Wednesday, February 15, 2006

The lawyer of Genre

One can only agree with Amanda Craig in her defence of Romantic fiction that "the idea that all great literature must, by definition, escape genre is snobbish and wrong." I have no problem with that. (And I’m grateful that she names names along the way). After all, for some time now I’ve insisted that one of the great novels of recent times is Gert Hofmann’s Lichtenberg and the Little Flower Girl.

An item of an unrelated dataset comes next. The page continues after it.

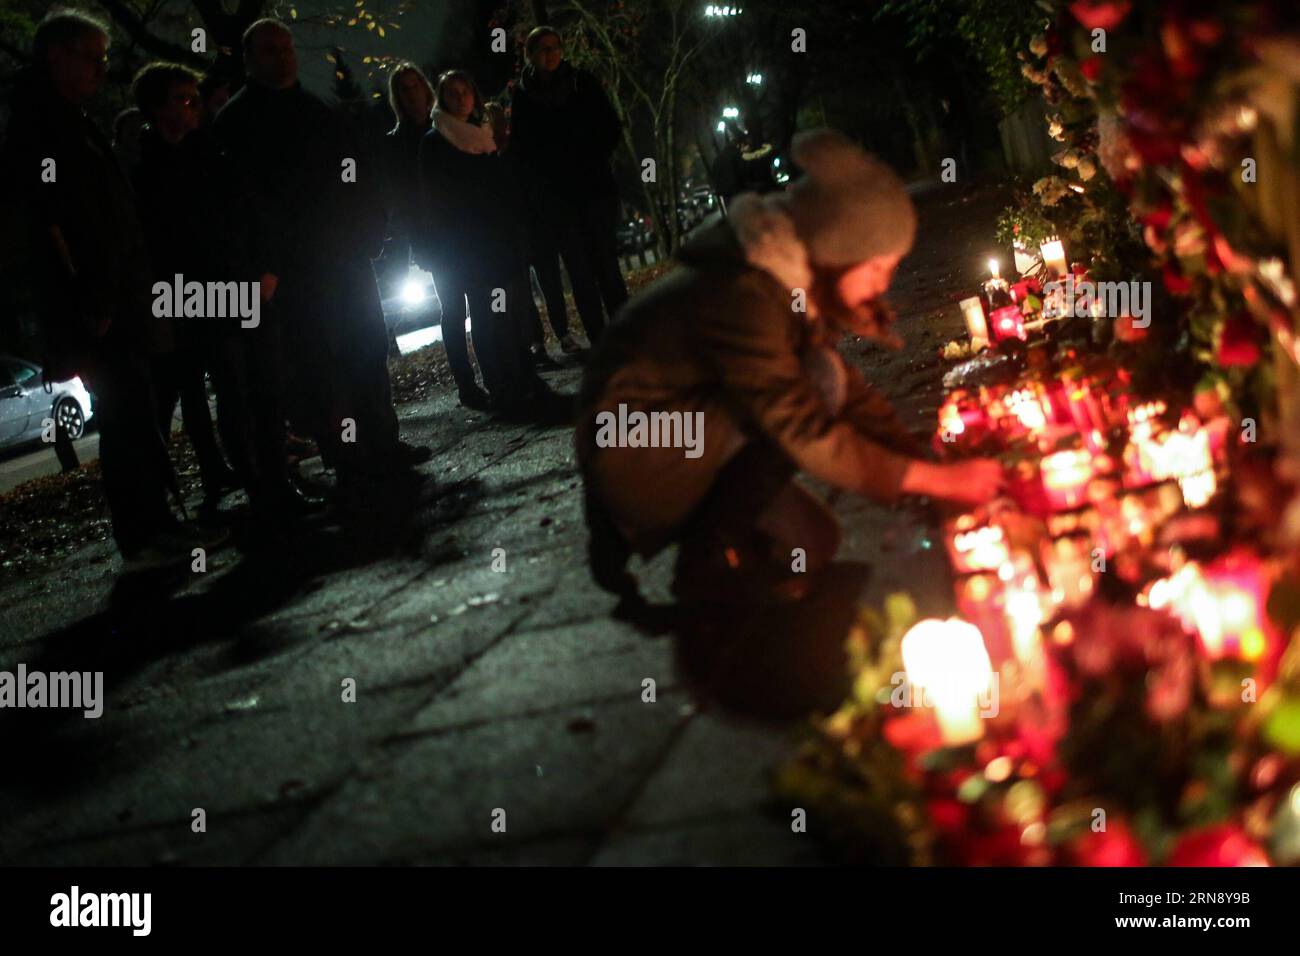 (151110) -- HAMBURG, Nov. 10, 2015 -- Local residents lay flowers and candles outside the home of former German chancellor Helmut Schmidt, in Hamburg, Germany, on Nov. 10, 2015. Helmut Schmidt, who served as Chancellor of West Germany from 1974 to 1982, died at age of 96 at his home in Hamburg on Tuesday afternoon, according to German media. ) GERMANY-HAMBURG-SCHMIDT-PASSING AWAY ZhangxFan PUBLICATIONxNOTxINxCHN Stille Trauer vor Helmut Schmidts Wohnhaus in Hamburg   Hamburg Nov 10 2015 Local Residents Lay Flowers and Candles outside The Home of Former German Chancellor Helmut Schmidt in Hambu Stock Photo

In addition to being unique, it is also a love story; a Romantic novel!

One can’t easily disagree with the sentence that follows either: "Great literature plays with genre, extends it, inverts it and subverts it - but it cannot, ever, be wholly independent of it."

Unfortunately, ease is precisely what genre fiction is about. It might be futile to try to escape genre, but writers who struggle to do so are the only ones I want to read. Genre fiction is for people at home in the novel.

Craig reveals the anxiety lurking beneath the surface when she insists that Romantic fiction is “alive and kicking in the works of prize-winning authors such as Maggie O'Farrell, Joanne Harris and Sarah Waters”. Ah, prize-winning. That's what it's all about. And I thought this was about literature.


  1. I think you're very acute here. It's not what you do the first time ("Wuthering Heights") that makes a piece of work mere genre, but what you do the second time.

  2. Anonymous5:36 pm

    I will be reading Gert Hofmann’s Lichtenberg and the Little Flower Girl--a book that I read about and forgot but now remember.